31.05.2021

Le Conseil fédéral ne veut pas d’un droit à la recharge

Chaque jour, des locataires et des copropriétaires par étages nous demandent comment obtenir une borne de recharge privée. Par rapport aux autres pays d’Europe, la Suisse compte le plus de personnes tributaires du bon vouloir des propriétaires immobiliers. C’est pourquoi Swiss eMobility a demandé le droit à la recharge (motion Grossen 21.3371). Mais le Conseil fédéral ne veut rien entendre et propose de rejeter la motion.

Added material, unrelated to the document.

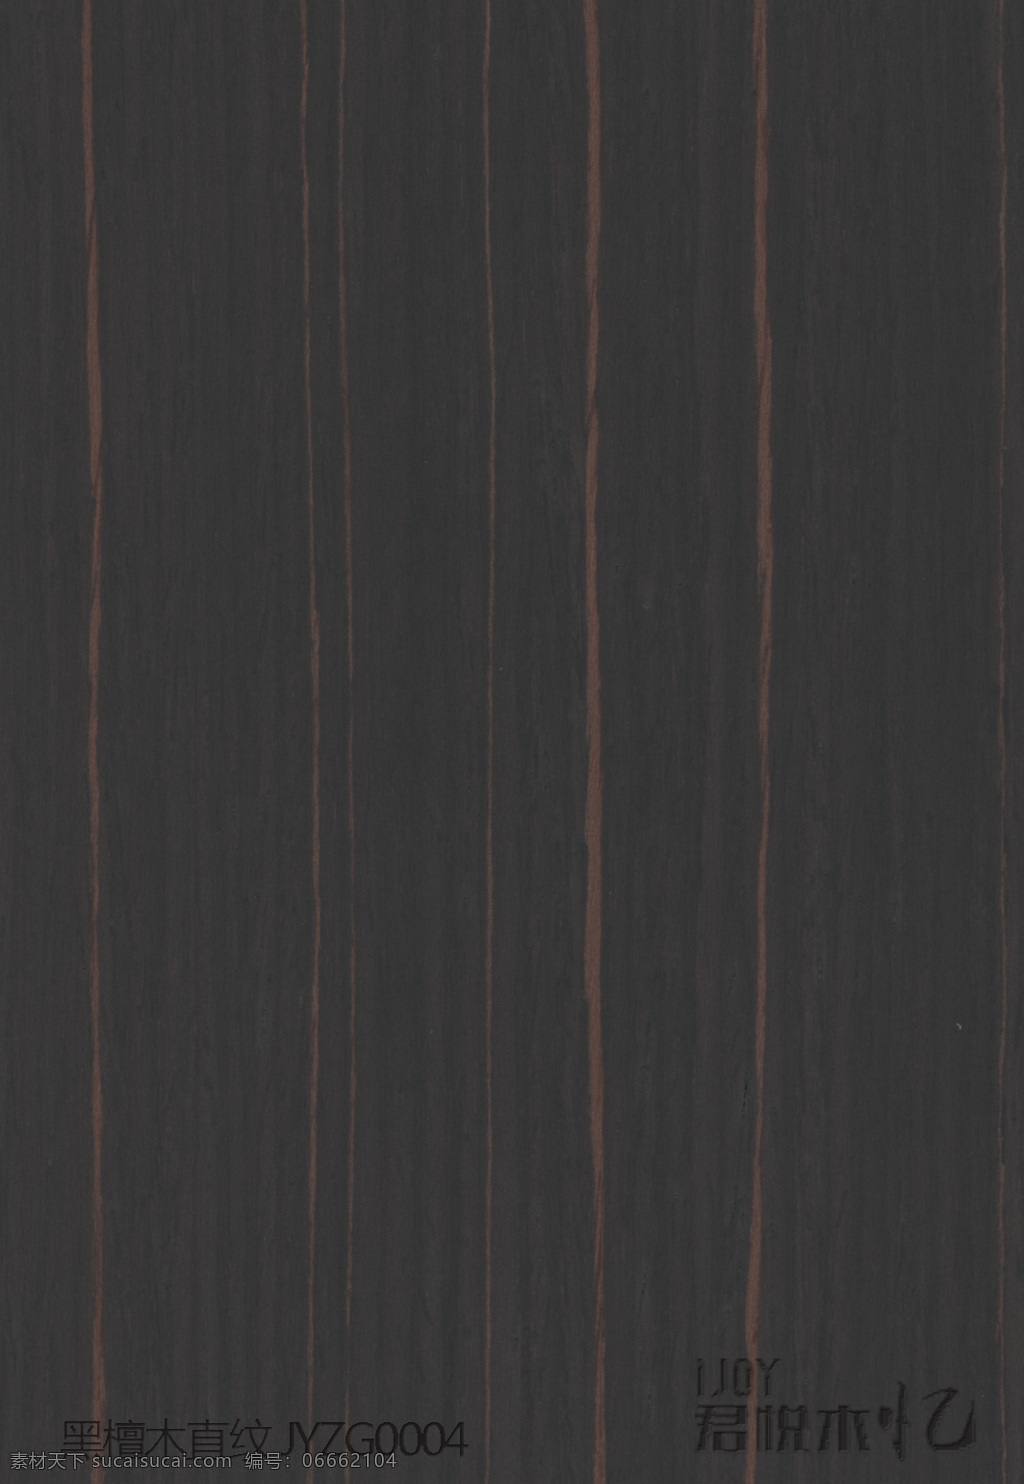 ijoy 黑檀木直纹 jyzg0004 君悦木忆 木皮板装修板 木饰面 木纹纹理 高清纹理大图 护墙板装修 柜子电视背景 吊顶木材板材 uv板 免漆板素材 底纹边框 其他素材

En septembre dernier, lors du congrès sur la mobilité électrique, l’ancienne Présidente de la Confédération et Cheffe du DETEC, Mme Simonetta Sommaruga, a proposé son aide pour répondre aux besoins de la mobilité électrique. De toute évidence, cette offre ne s’applique pas à l’ensemble du Conseil fédéral. Le nombre réjouissant d’immatriculations de véhicules électriques est dû aux acteurs extrêmement actifs et innovants en Suisse. Aux acteurs privés qui, contrairement à leurs voisins, mettent à disposition l’un des meilleurs réseaux de recharge publics sans la moindre aide financière de l’État. Le premier acteur public, la Confédération, reste frileux lorsqu’il s’agit d’instaurer des cadres en faveur de la mobilité électrique. Il ne s’agit pas essentiellement d’une aide financière, mais par exemple aussi de l’égalité concernant l’imposition des voitures de service ou, justement, le droit des locations et des copropriétaires par étages de pouvoir installer une borne de recharge privée. Des mesures que les Suisses continuent d’attendre.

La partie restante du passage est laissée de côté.